Assignment:
Please write out every line of the material, leaving out any picture.

Dataset excerpt:
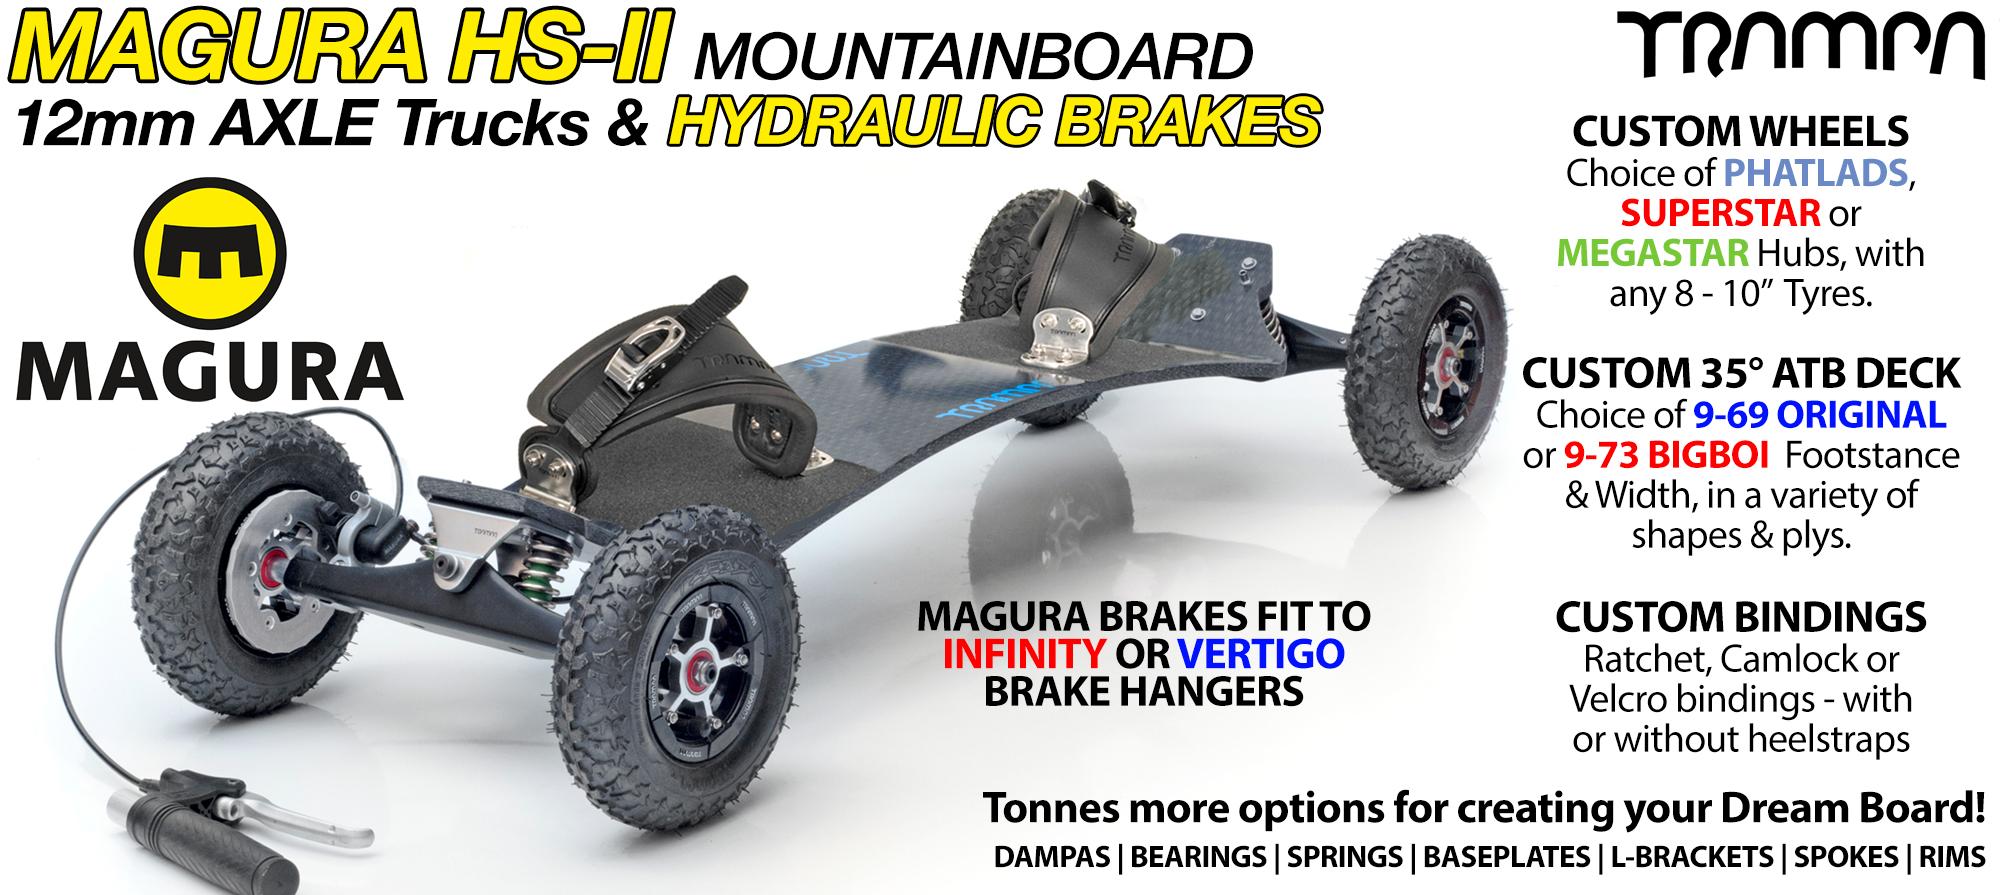 35° TRAMPA BrakeBoard Using MAGURA Brakes on VERTIGO Trucks SUPERSTAR wheels
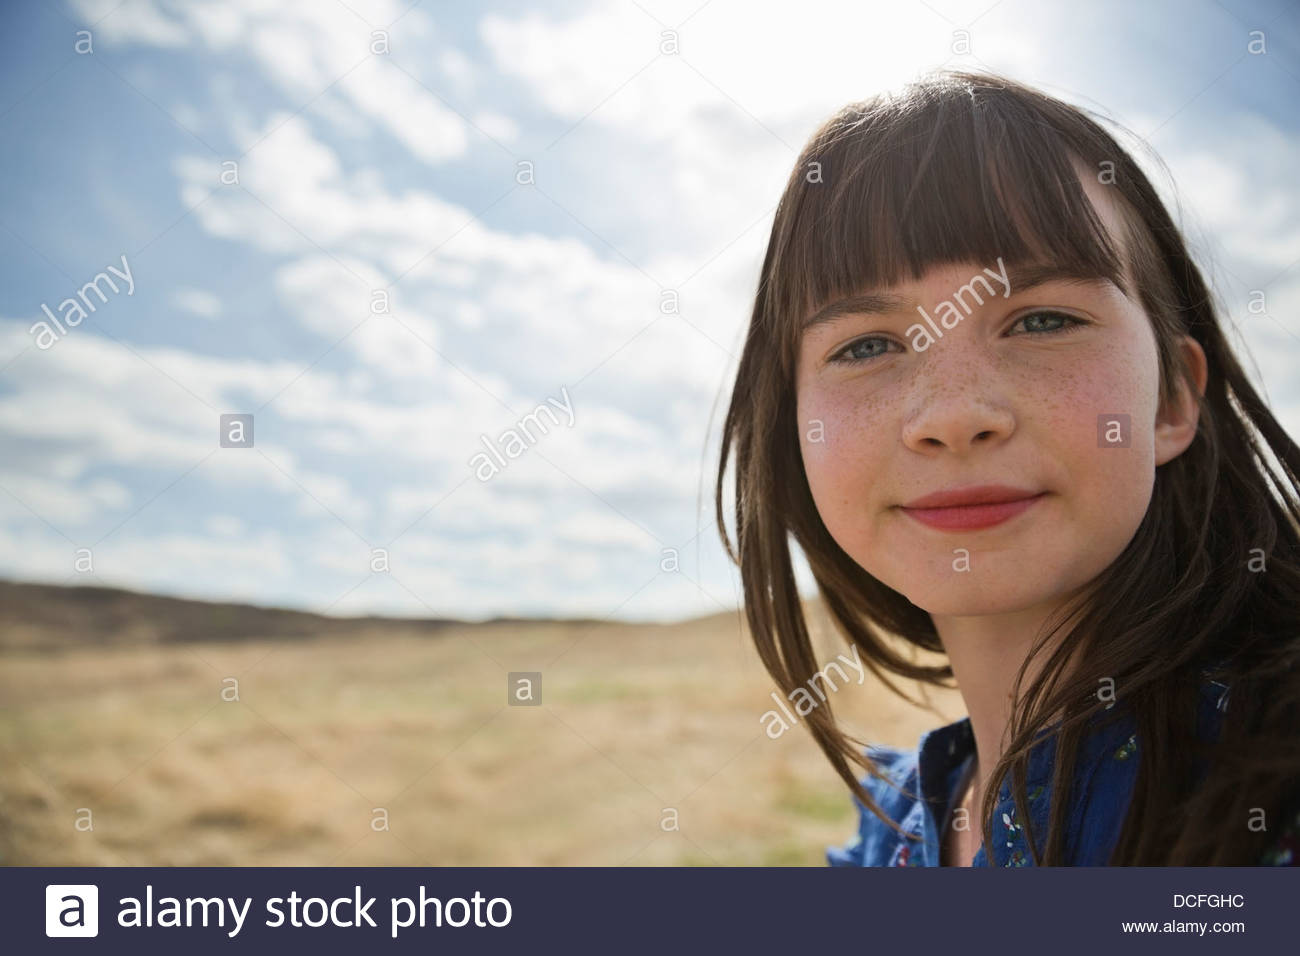 Portrait of cute schoolgirl looking at camera - Stock Image
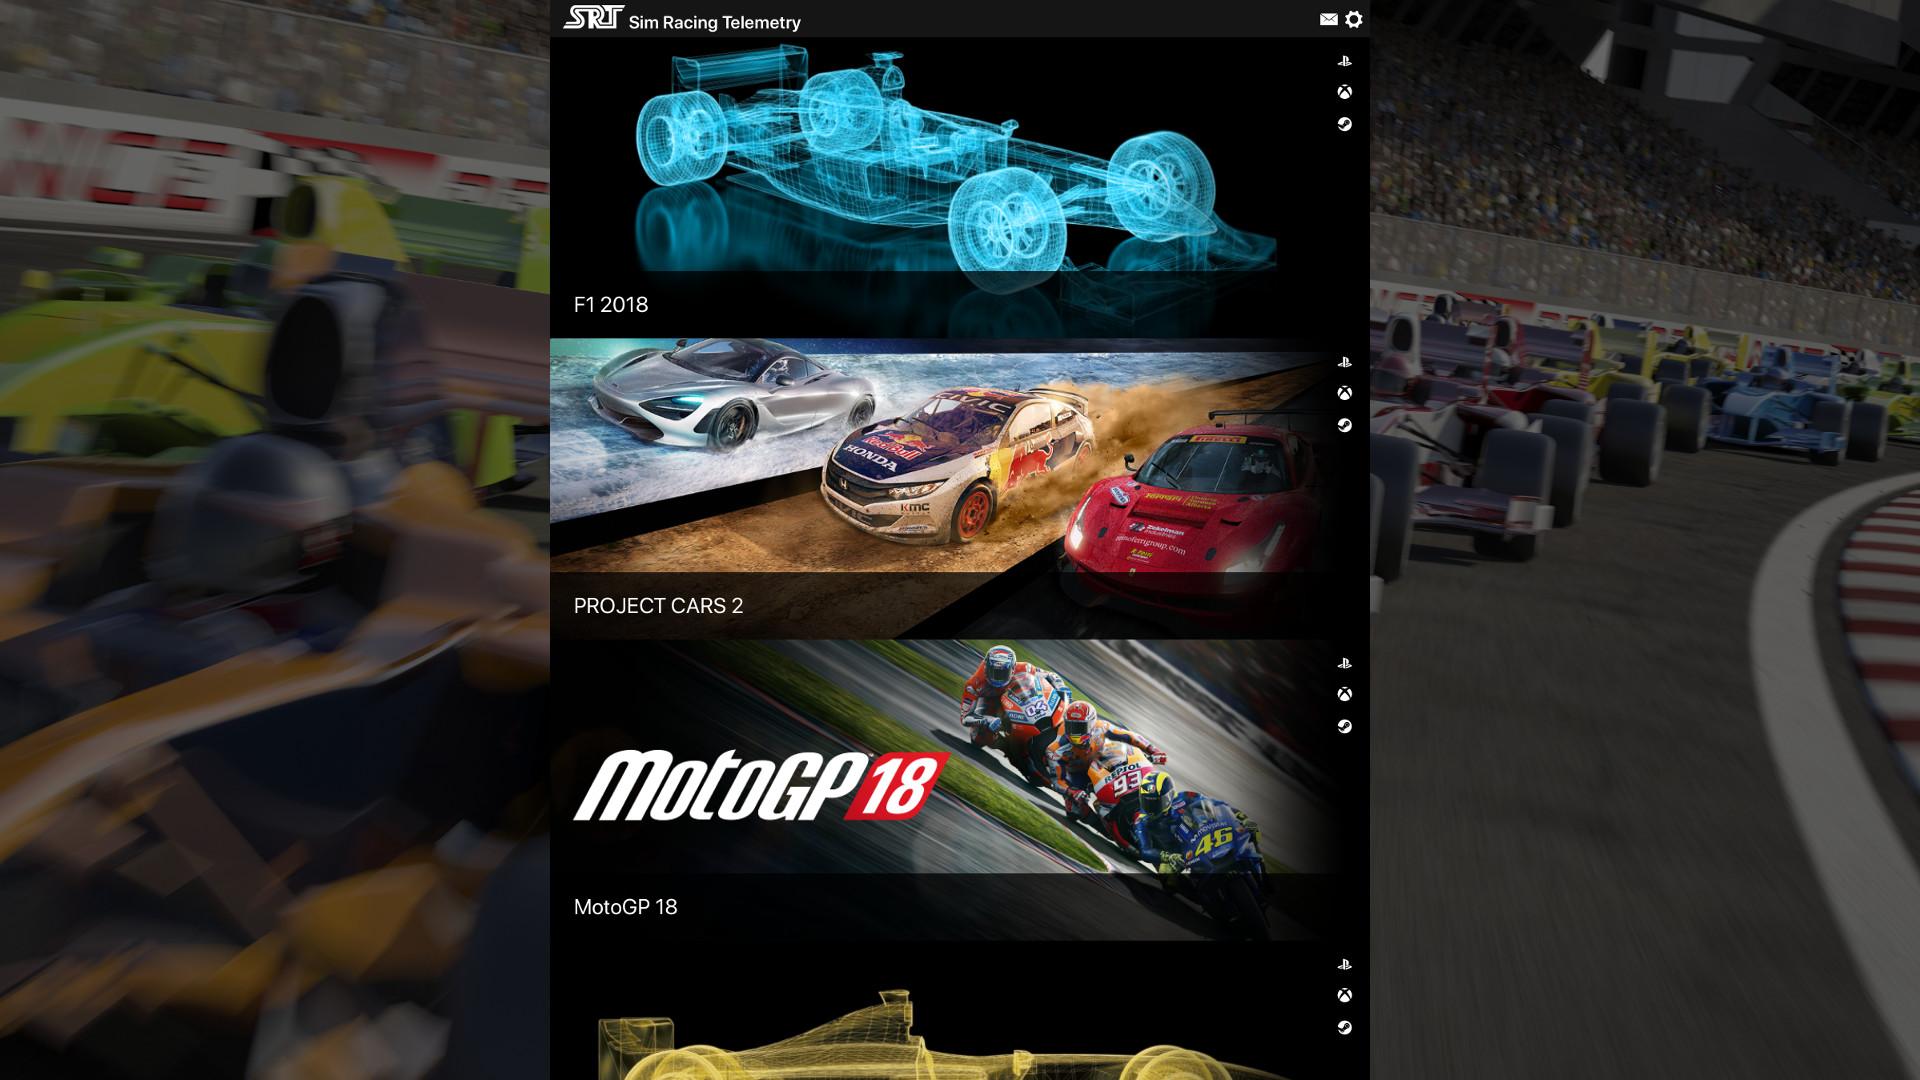 Sim Racing Telemetry - Project Cars 2

The completed task:
 35° TRAMPA BrakeBoard Using MAGURA Brakes on VERTIGO Trucks SUPERSTAR wheels
 Portrait of cute schoolgirl looking at camera - Stock Image
 Sim Racing Telemetry - Project Cars 2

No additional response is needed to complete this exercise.